= D'Arcy Cooper =

Sir Francis D'Arcy Cooper, 1st Baronet (17 November 1882 – 18 December 1941) was a British businessman and accountant. He was chairman of Lever Brothers and Unilever.

==Early life and education==
Cooper was born in St Pancras, London, the son of chartered accountant Francis Cooper and Ada Frances Power. He was educated privately and at Wellington College.

==Career==
After a year abroad in Paris, Cooper returned home in 1899 to join the family accounting firm, Cooper Brothers and Co. The firm served as auditors of Lever Brothers from the company's founding in 1885. In 1910, Cooper was made a partner in the family firm.

After the start of the First World War, Cooper enlisted in the Yeomanry in early 1915, and within three months was gazetted to a commission in the Royal Field Artillery. He was wounded in August 1916 during the Battle of the Somme and spent a year recovering in the hospital. He spent the remainder of the war employed by the War Office. In January 1919, he returned to the family firm.

In 1923, he was elected to the board of Lever Brothers as joint vice-chairman. He succeeded company founder William Lever, 1st Viscount Leverhulme as chairman on 15 May 1925 after his death.

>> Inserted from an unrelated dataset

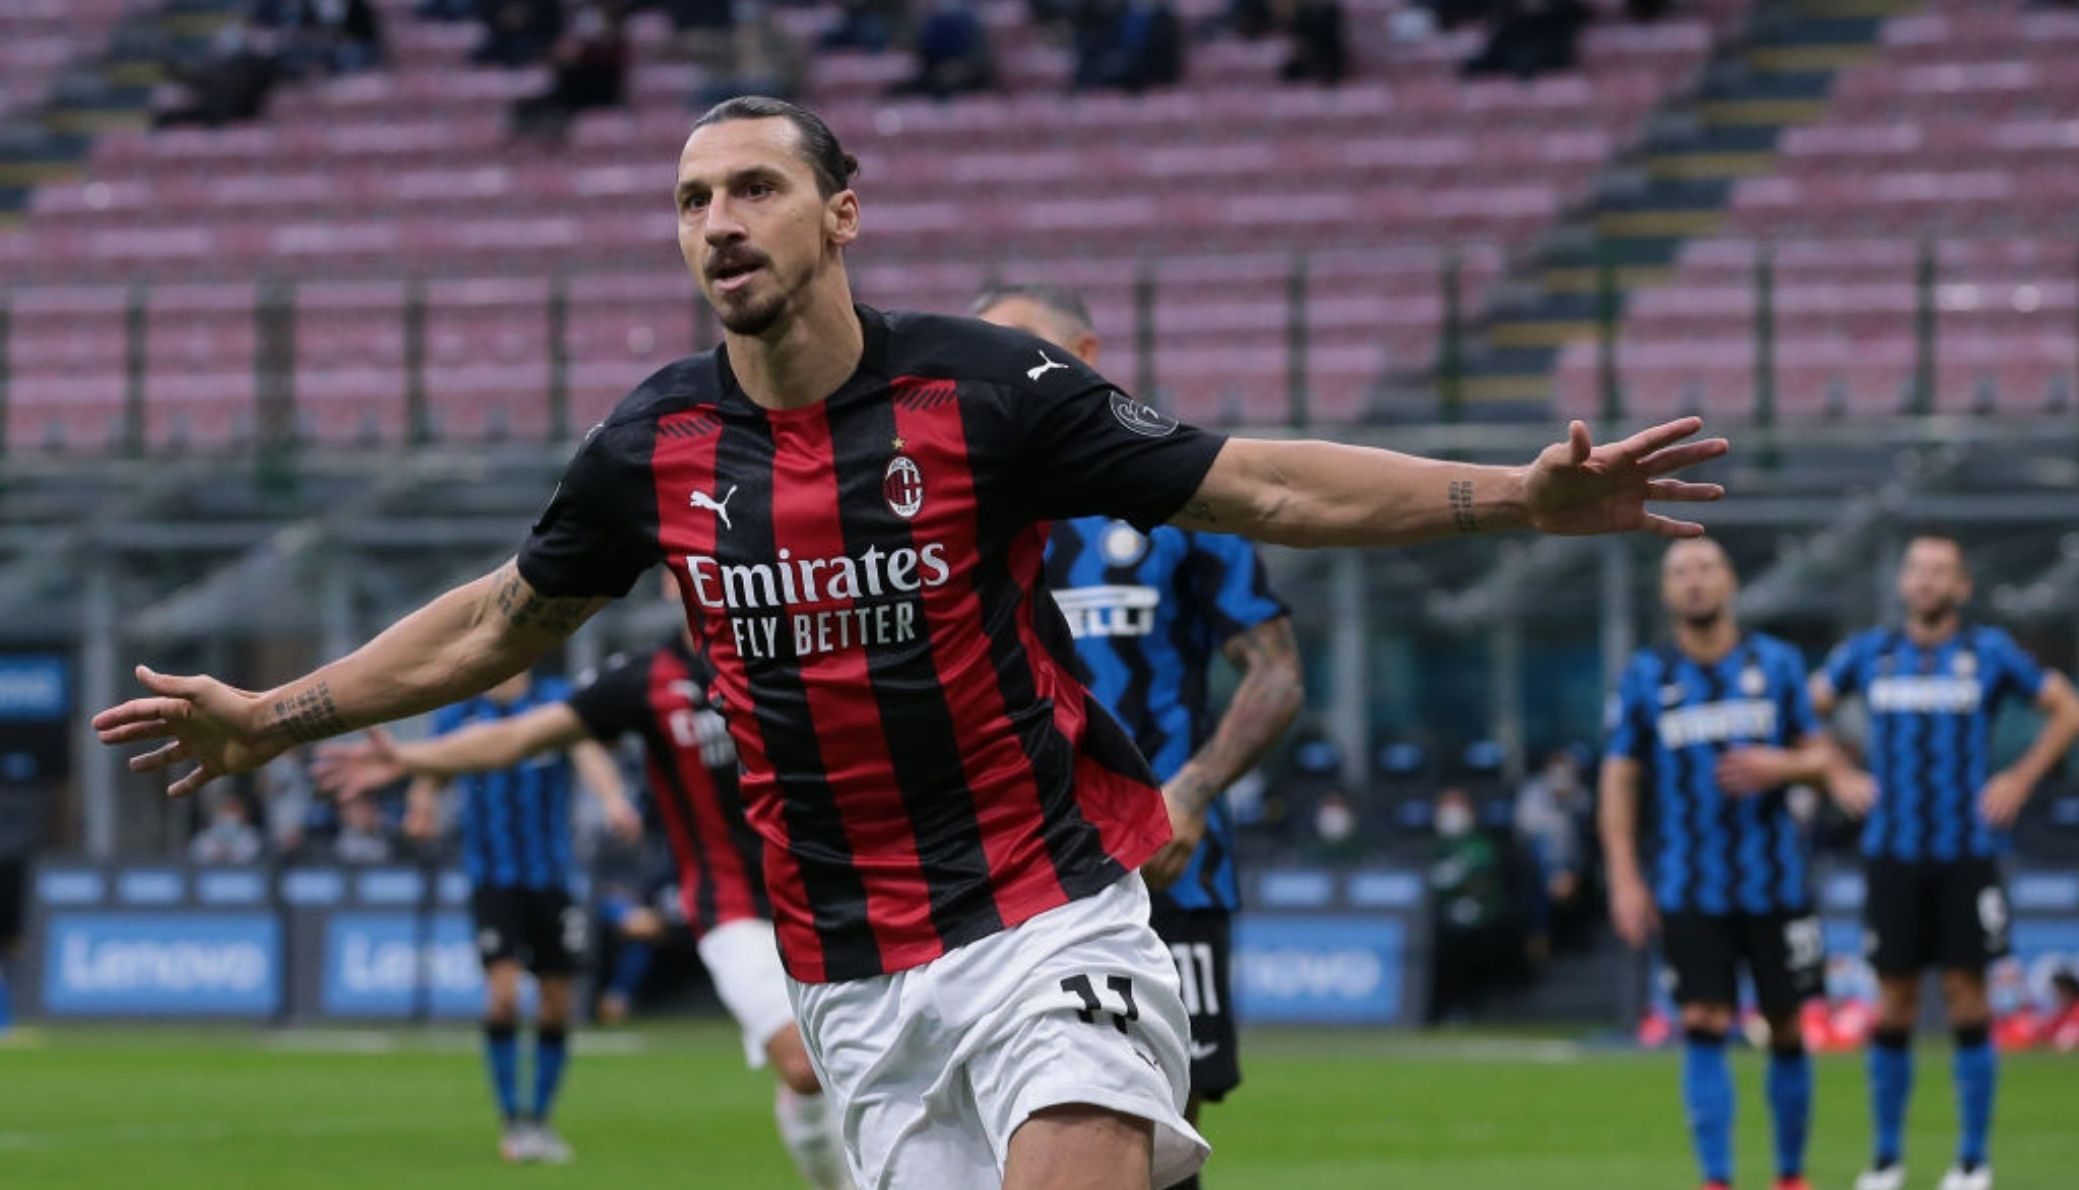 In this tactical analysis, we will show how Milan registered a 2-1 win over bitter rivals Inter in the first Derby della Madonnina of the season
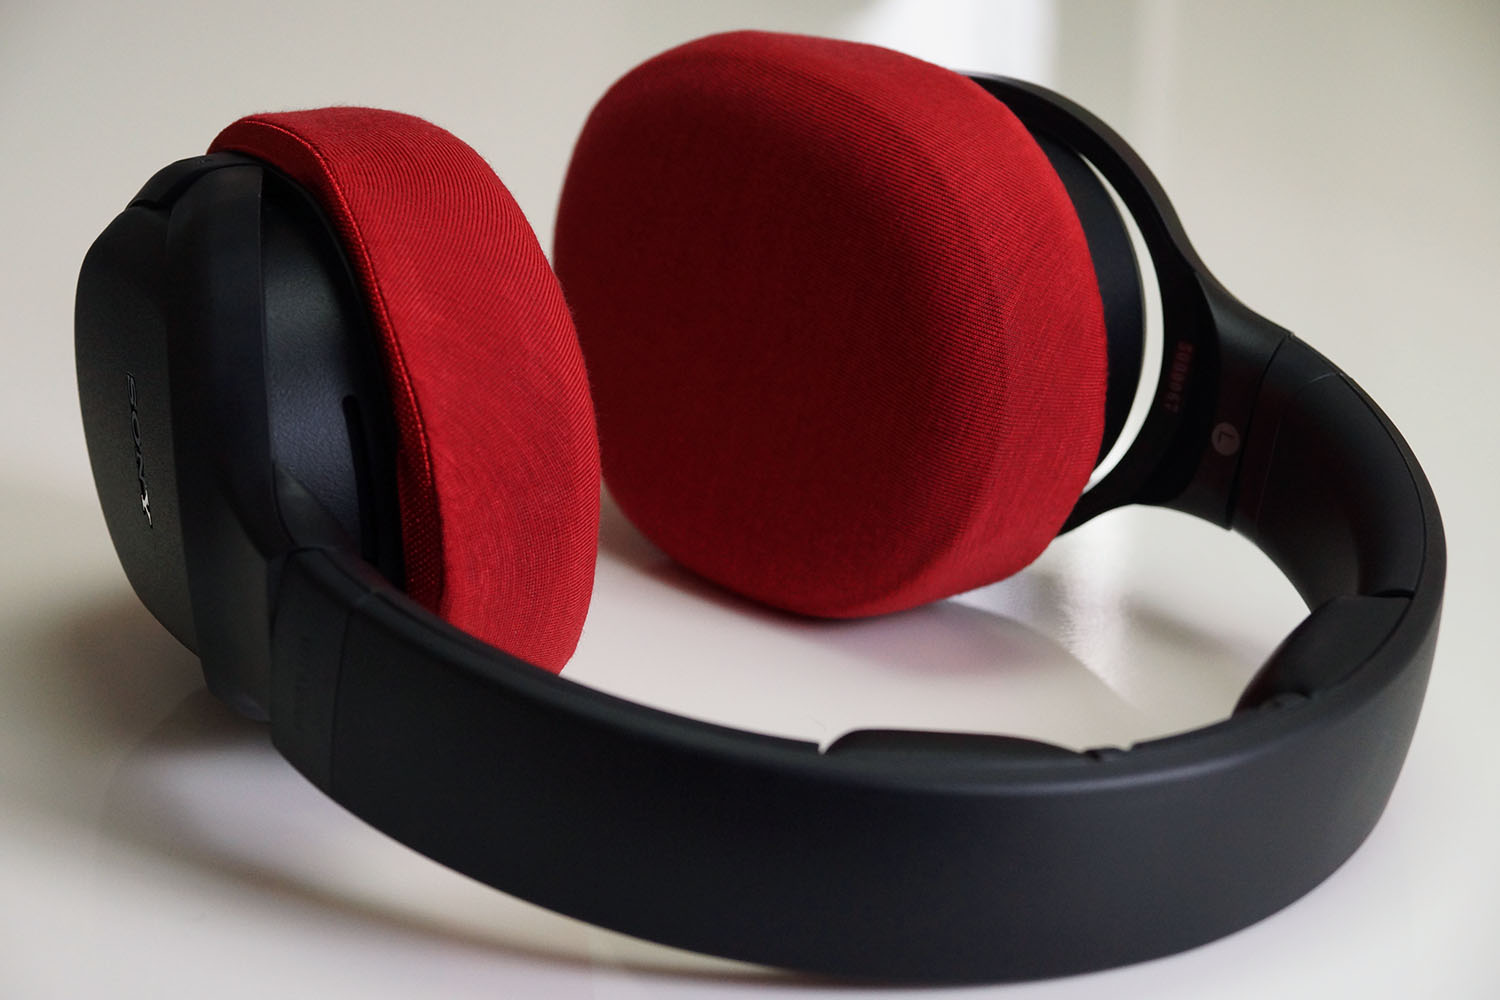 SONY WH-L600 earpad repair and protection: Super Stretch Headphone

Cooper served as a member of the Prime Minister's Industrial Advisory Panel on Rearmament prior to the Second World War. Since the beginning of the war to his death, he served on the Board of Trade. In the 1941 Birthday Honours, he was created a baronet, of Singleton. Through his international business dealings, he was also a Commander of the Order of the Crown of Belgium and a Knight of the First Class of the Order of St. Olav of Norway.

==Personal life==

In 1913, he married Evelyn Hilda Mary Radford.

In 1939, he suffered from a serious illness and never recovered his former health, though he continued to work. He died aged 59 in West Ridge, Reigate, Surrey. With no sons, the baronetcy became extinct upon his death.